Dans les synagogues, les pharisiens propageaient leur souci de pureté et leur amour pour la loi que Dieu avait confiée à Israël. Commentateurs de la Torah, ils enseignaient au peuple les règles que leur tradition véhiculait à propos du comportement à adopter dans toutes les circonstances de la vie.
« Tu transgresses la Loi ! », clament les pharisiens aux oreilles de Jésus, alors que ses disciples ne se lavent pas les mains avant un repas (Mt 15, 1-9). Et Jésus de rétorquer : « Pourquoi transgressez-vous le commandement de Dieu au nom de votre tradition ? » De manière directe et polémique, Jésus accuse les pharisiens de se détourner du commandement de Dieu qui demande d’honorer père et mère (5e commandement). En effet, ils acceptaient que l’on échappe au devoir d’assistance aux aînés, si l’on consacrait à Dieu l’argent qui revenait à cette assistance.
Les hérodiens
Un autre groupe joue sa carte sur la scène politique et religieuse de la Palestine du temps de Jésus : les hérodiens. Ils se revendiquent d’Hérode le Grand qui est originaire d’Idumée, la région au sud de la Judée.

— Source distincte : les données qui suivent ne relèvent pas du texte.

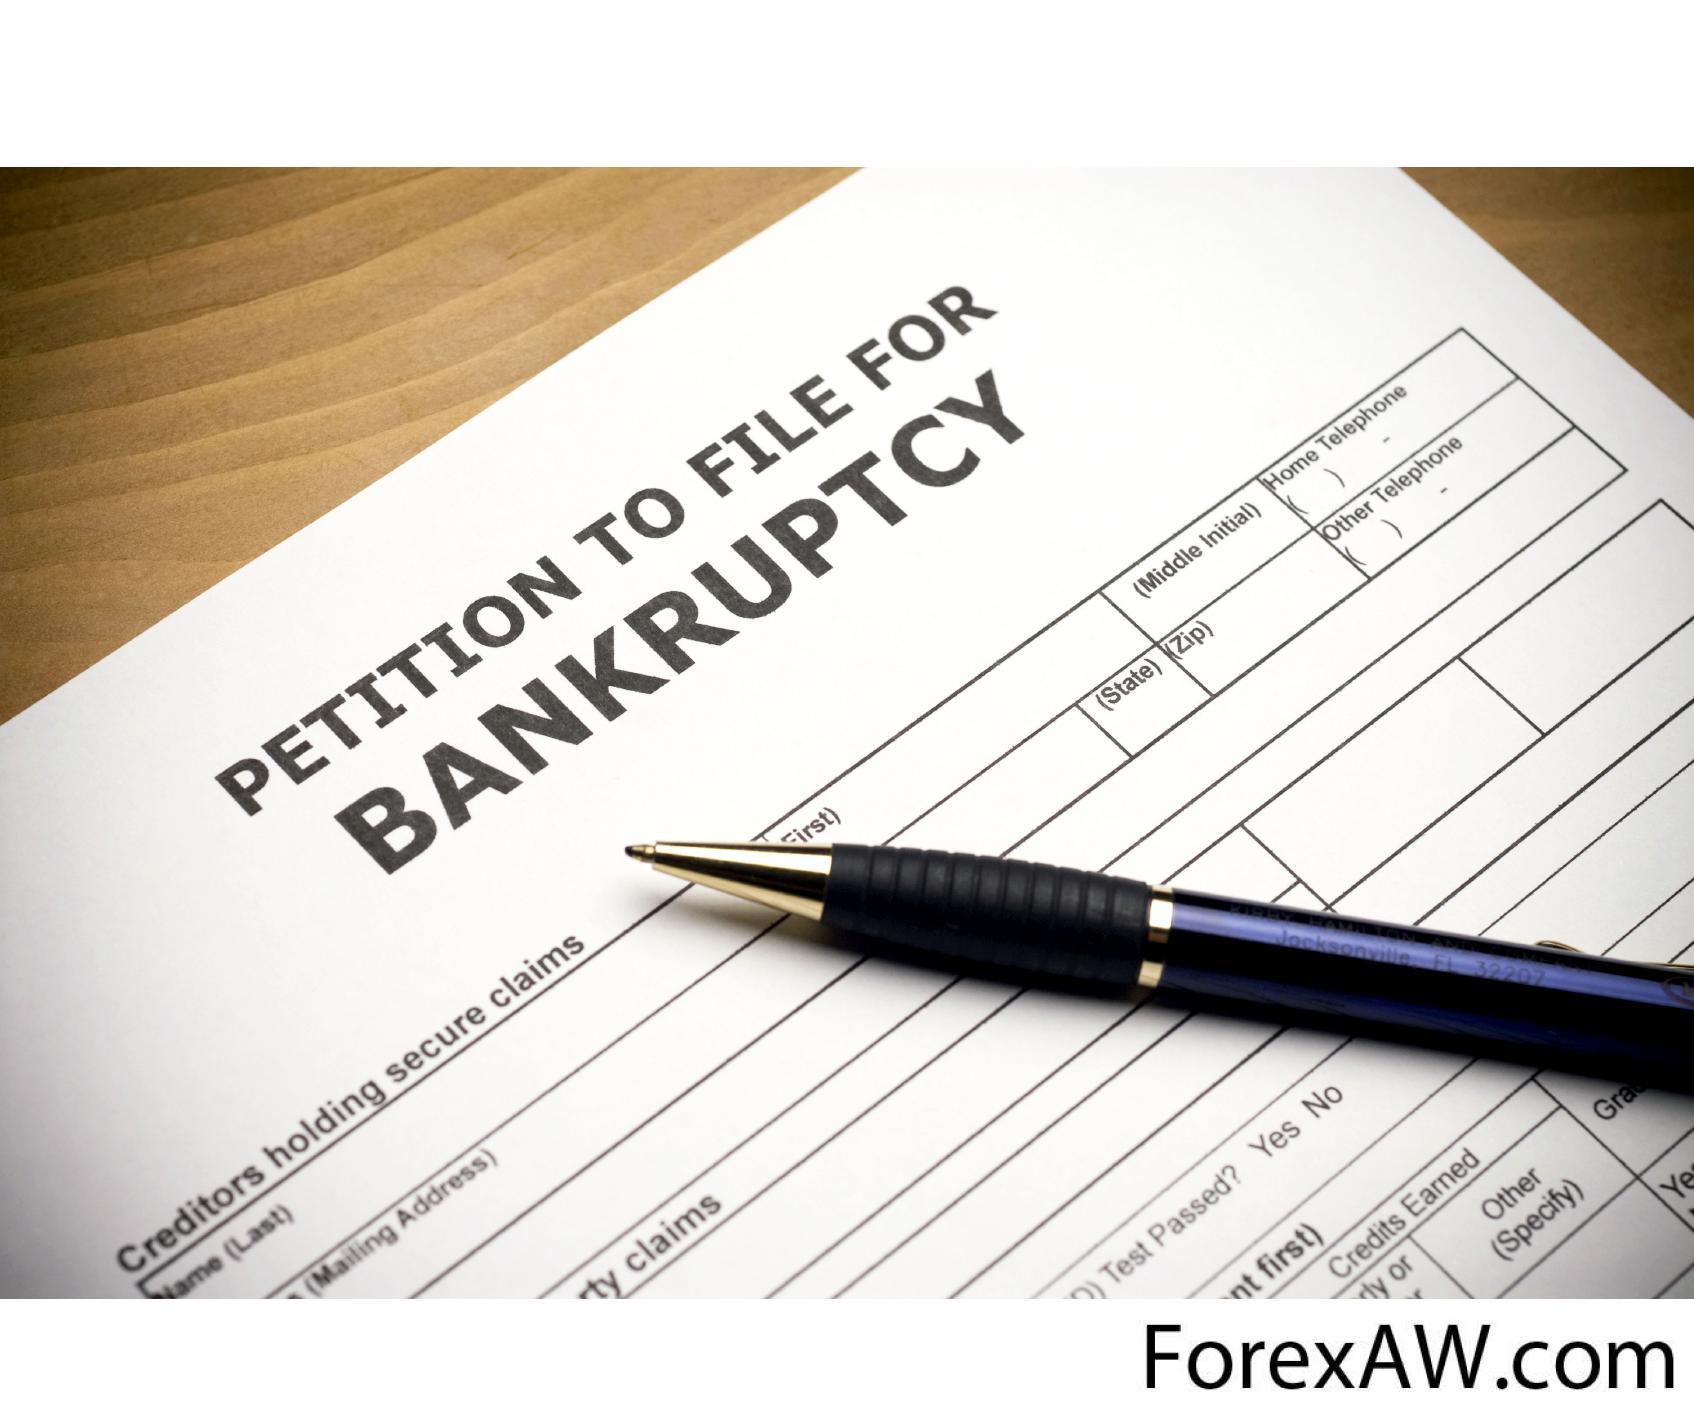 bankruptcy appellate panels affirmance - HD1694×1285

Converti au judaïsme, il règne comme roi des juifs de 40 à 4 avant J.-C. Autour des années 30, les hérodiens soutiennent les fils d’Hérode : Archélaüs, Antipas et Philippe qui se succèdent à la tête de différents territoires de la région. C’est à Hérode Antipas que Jésus a affaire lors de son procès. Gouverneur de la Galilée et de la Pérée, c’est en tant que responsable politique de la terre natale de Jésus qu’il a pour mission de l’interroger. Face au silence de l’homme de Nazareth, Hérode Antipas se sent méprisé et se met à le railler (Luc 23, 6-12).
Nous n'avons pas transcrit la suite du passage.